Always listen to your gut feeling, it warns you for a reason. Sometimes we feel that something is wrong and dangerous even before our mind grasps it. And follow your heart.
Find time to do what you love; your happiness depends on it!
2. TAKE CARE OF YOURSELF.
Most people grew up learning how to take care of others and “behave well”.
Taking care of yourself is crucial. You can start now. Treat yourself the way a great parent would treat their child, and you will notice that you begin thinking and feeling about yourself much better.
A good care includes:
eating healthy foods,
choosing a physical exercise you love (dance, gym, biking, walking, sports, etc.),
planning enjoyable activities for yourself,
learning new things,
doing things that make you use your special talent or ability,
getting together with the positive, like-minded people that treat you with love and respect,
giving yourself rewards and treating yourself with personal services (spa, beauty salon, a special photo session, or massage),
making your living space comfortable and attractive,
doing something nice for another person.
Schedule self-care ahead of time. It can be 30 minutes in the morning or evening before bed. Decide ahead of time how exactly you will use it. Write in your journal or notebook about how you treated yourself every night before going to bed. You will see how your self-esteem starts improving.

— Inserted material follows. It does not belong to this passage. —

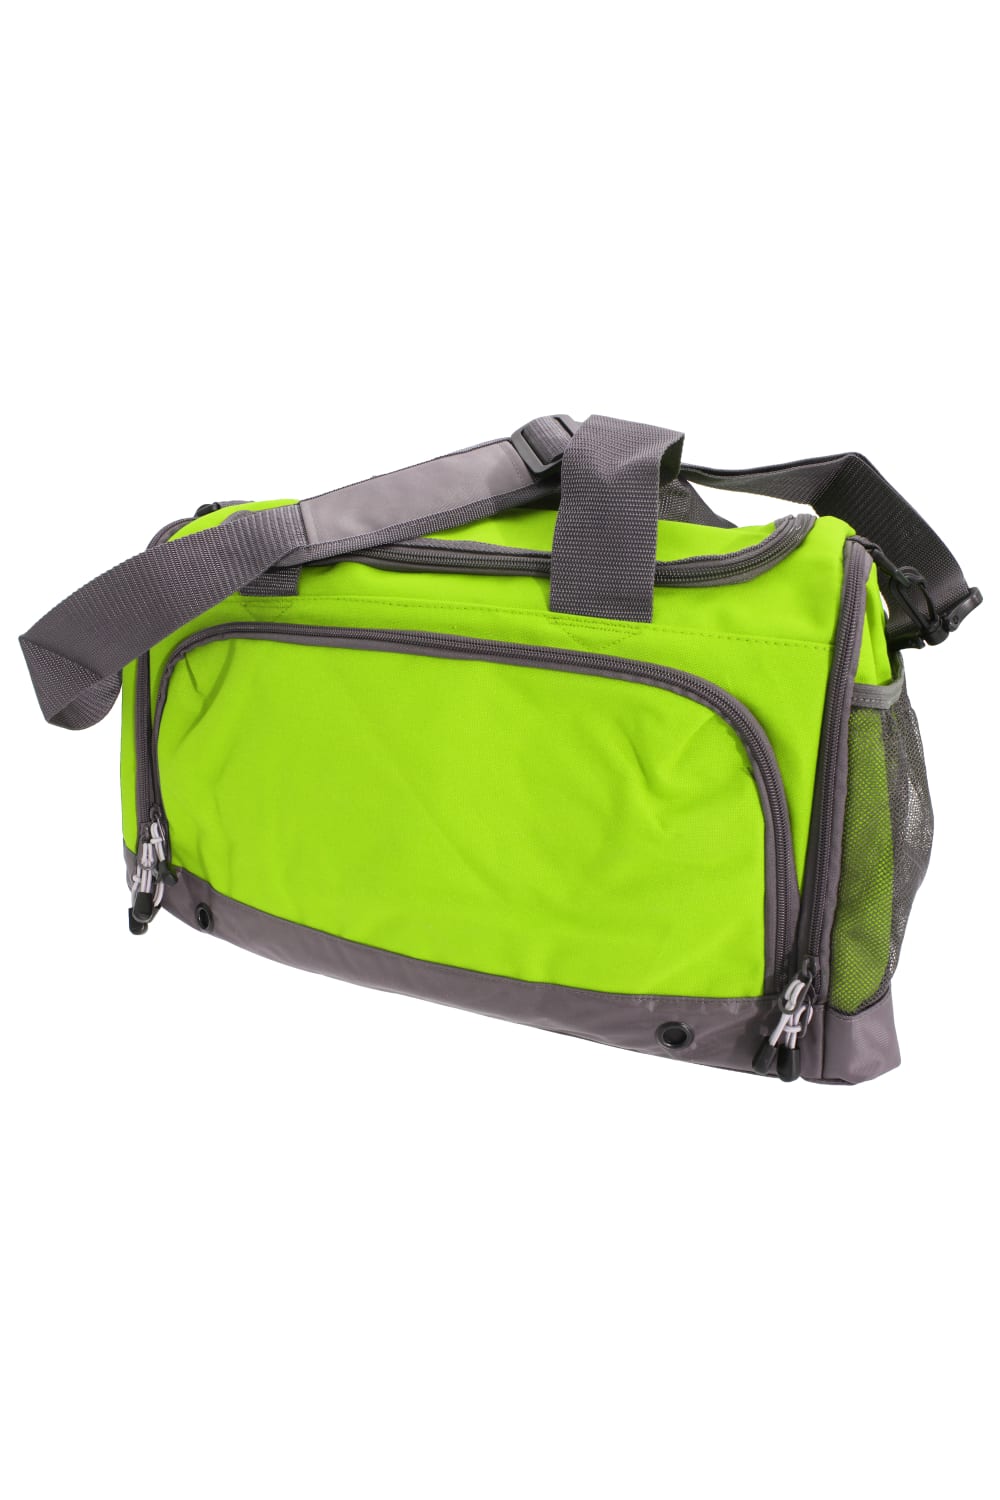 BagBase Sports Holdall / Duffel Bag (Lime Green) (One Size)

3. SELF-APPRECIATION LISTS
Take a piece of paper or your journal for each list and write down these important things (at least 10 of each) to remind yourself how special and valuable you are. You can add more things, re-write, and read them often. You can create a board with these lists attached to it and put the board next to your bed or a place in the house you use the most.
- List of your strengths and positive qualities,
- List of your achievements (recovering from a serious illness, graduating from the college, raising your kids, building loving relationships, getting only good grades, helping someone, getting an award, etc.),
- List of learned life lessons (what you learned from every tough situation you went through, and what kind of strength they gave you),
- Gratitude list (write down everything what you are grateful for, starting with basic survival things such as food, air, and shelter; don’t forget about opportunities you received, people who loved and helped you, and your own talents and achievements).
- List of things that you can do that make you feel good about yourself,
- List of things you can treat or reward yourself with,
- List of things you can do for your friends and family or help someone else.
4. POSITIVE SELF-TALK AND AFFIRMATIONS
Affirmations are positive statements about yourself. They are designed the way as you already feel good about yourself. If you repeat them often, you start believing them.
Through affirmations you declare or assert your desirable state of being. They should be expressed in the present tense, so your mind could absorb them as your new reality.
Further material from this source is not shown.